Сознание возвращалось медленно, нехотя, словно загружаясь с битого жесткого диска. Сначала обоняние. Пахло дымом, чем-то кислым, прелым сеном и… козлом. Буквально. Стойкий аромат немытого козла.


Слух подхватил эстафету. Где-то рядом причитал женский голос, сдавленный, испуганный:

—Ох, батюшки, не очнется, родимый… Как бы душа не ушла… Господи помилуй…


«Душа? — пронеслось в моей раскаленной голове. — Серьезно? Куда уж ей уходить дальше?»


Я попытался открыть глаза. Веки были свинцовыми, а в висках стучал навязчивый, знакомый с похмелья молоточек. С третьей попытки получилось.


Картинка была смазанной, будто я смотрел на мир через запотевшее стекло противогаза. Низкий потолок, почерневшие от времени и сажи бревна. Тусклый свет из маленького волокового окна, в котором вместо стекла была натянута какая-то мутная пленка. Я лежал на жесткой лежанке, укрытый шкурой. Откуда-то снизу доносилось дружелюбное похрюкивание.


«Ладно, — медленно соображал я. — Взрыв, падение… Вероятно, меня выбросило за борт. Чудом выжил. Подобрали какие-то… рыбаки? Аборигены? Но где тут море? И почему пахнет хлевом?»

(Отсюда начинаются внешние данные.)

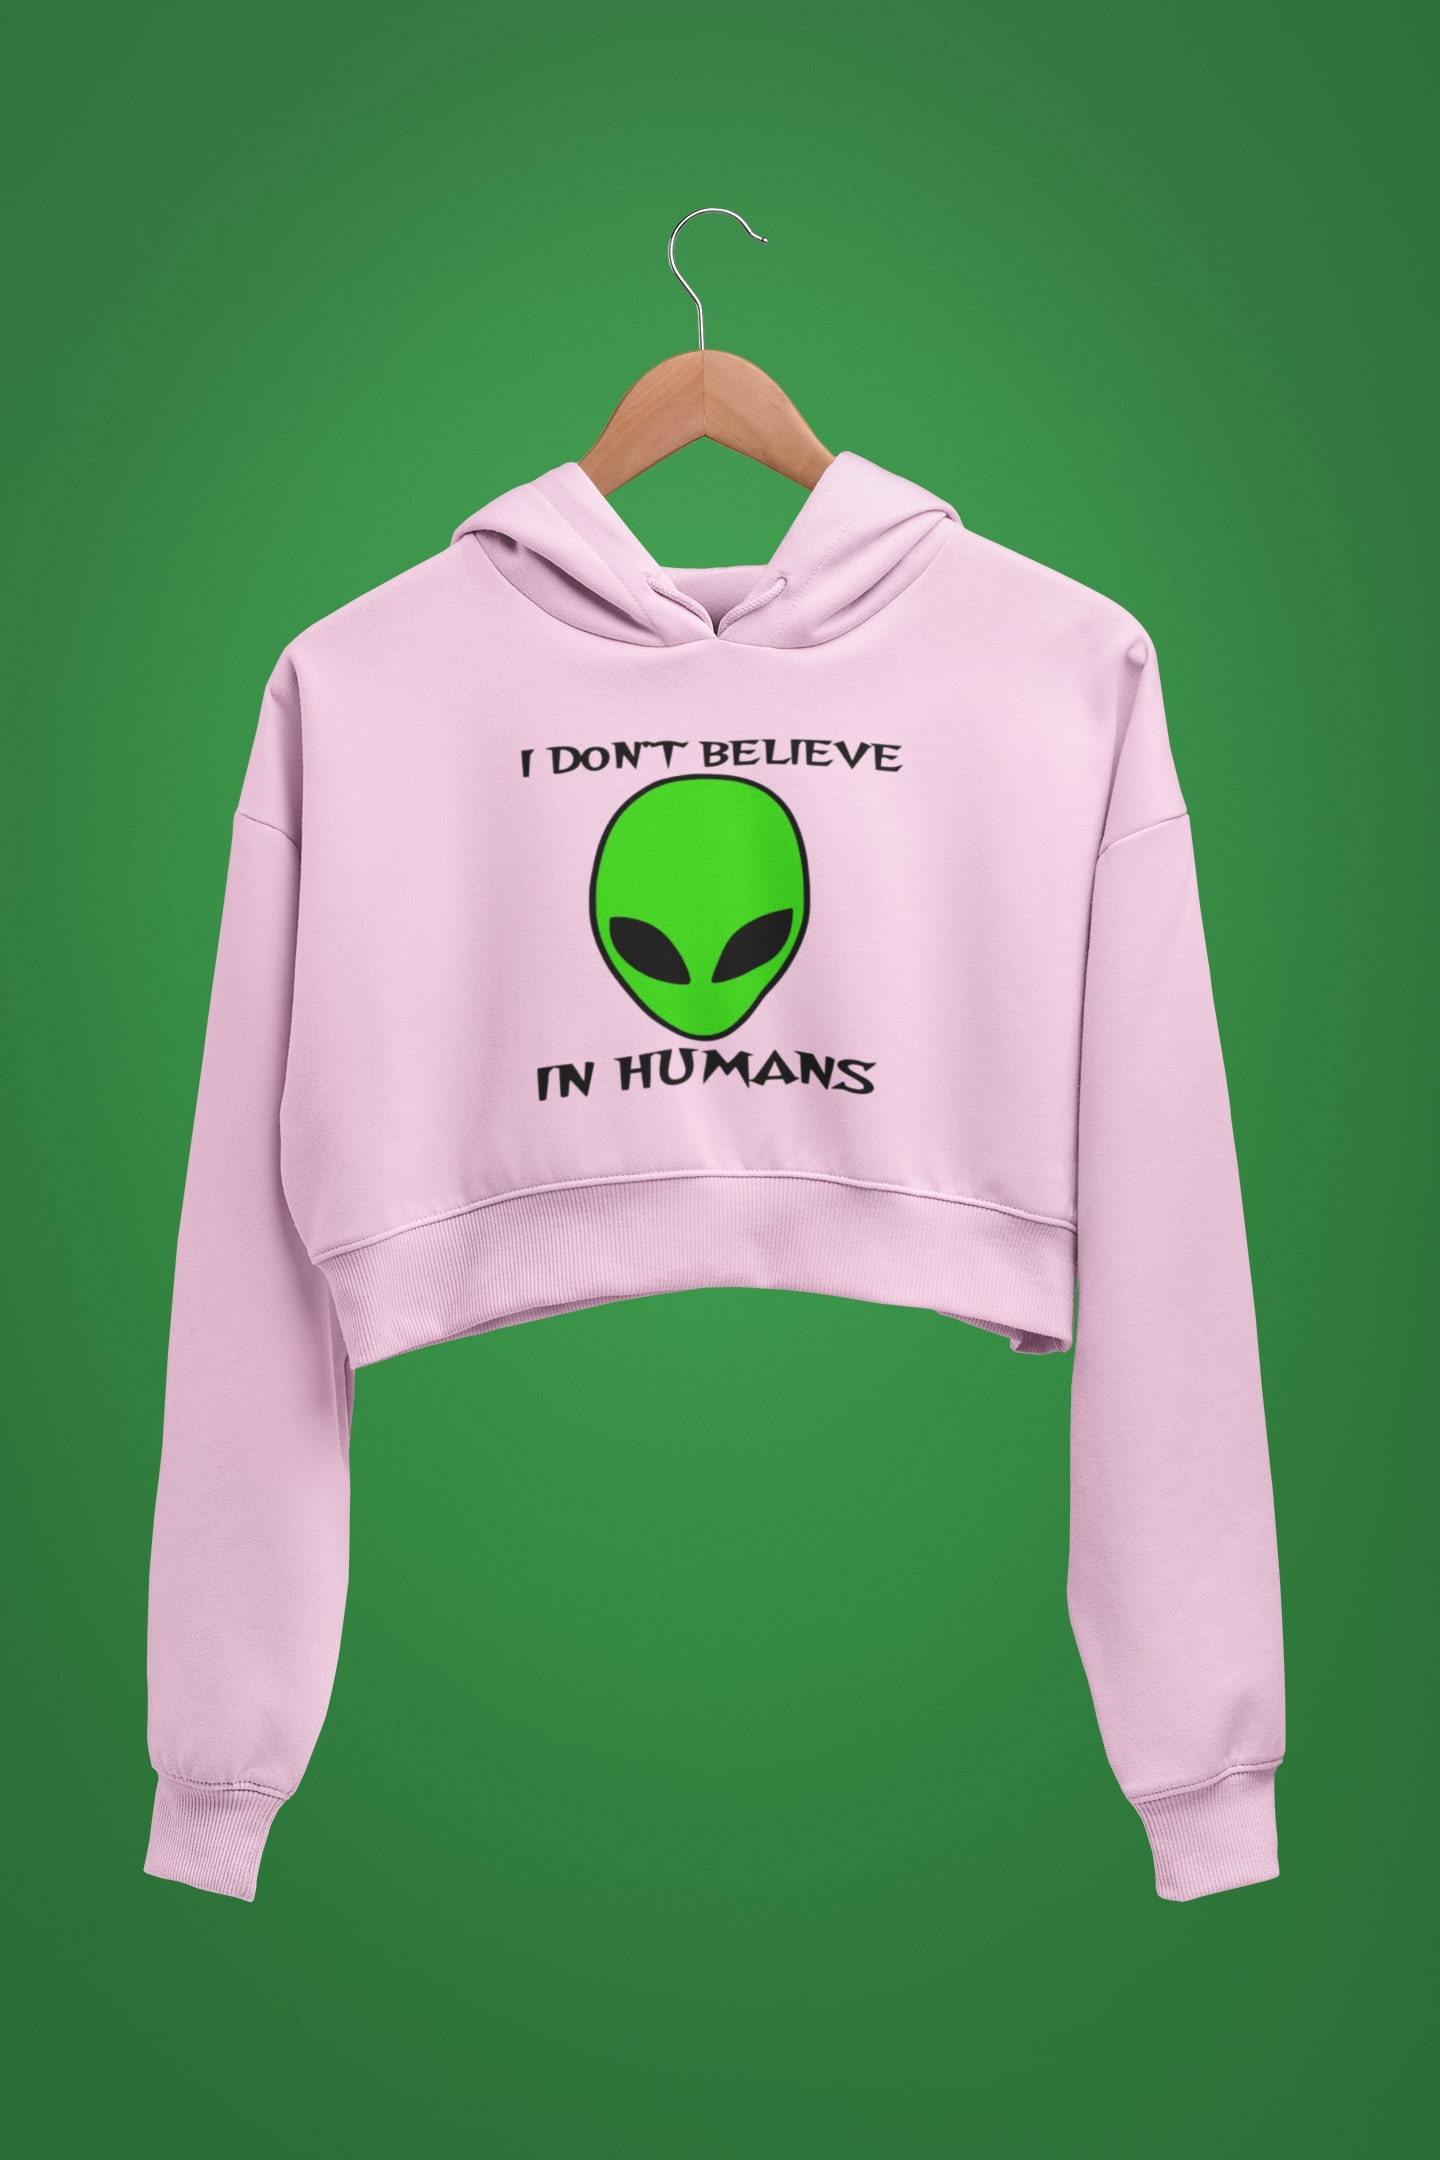 thelegalgang,I Dont Believe in Humans Graphic Crop Hoodies,.

Я попытался приподняться на локте. Тело не слушалось, было чужим, слабым и до неприятного тощим. Рука, на которую я оперся, выглядела странно: бледная, худющая, явно не моя, привыкшая таскать гаечные ключи и кабельные барабаны.


— Ой, очнулся! Слава Перуну! — тот же женский голос взвизгнул прямо над ухом.


В поле моего зрения возникло лицо. Женщина. Лет пятидесяти, в простом поневе, с платком на голове. Лицо доброе, испуганное, изможденное.


— Изяслав-батюшка, ну я и испужалась! Думала, кончились вы от той дурной башки!


«Изяслав? Башка?» — мой мозг, привыкший обрабатывать данные, завис на этапе распознавания терминологии.


Я попытался что-то сказать. Из горла вырвался лишь сиплый, хриплый звук.


— Не говорите, не говорите, родимый, — засуетилась женщина, поднося к моим губам деревянную кружку с чем-то мутным. — Пейте, это отвар, силы придаст.


Я сделал глоток. На вкус это было похоже на компот из ламповой подошвы и носков. Я скривился.


— Кто?.. Где?.. — мне удалось выдавить из себя.


— Ясень-сокол, да ты же у себя! В своей же клетушке! — женщина смотрела на меня с таким неподдельным состраданием, что стало не по себе. — А я, Мамка Олена, за тобой приглядываю, как матушка твоя покойная наказывала. Ну, и свинку вашу подкармливаю, — она кивнула в сторону похрюкивания.


Клетушка. Свинка. Мамка Олена. Изяслав.

В голове что-то щелкнуло.Неприятно. Громко.


Я отшатнулся от нее и судорожно оглядел помещение. Лачуга. Деревянные стены, глинобитный пол. В углу — грубо сколоченный стол, на нем глиняная миска, деревянная ложка. Никаких следов цивилизации. Ни проводов, ни пластика, ни тем более белых халатов спасателей.


С диким усилием я сполз с лежанки и, шатаясь, дополз до деревянной кадки с водой в углу. Заглянул в нее.


Из воды на меня смотрел незнакомец. Худощавое, бледное лицо юноши лет шестнадцати-семнадцати. Большие, испуганные серые глаза. Русые, всклокоченные волосы. И аккуратный, свежий синяк на виске.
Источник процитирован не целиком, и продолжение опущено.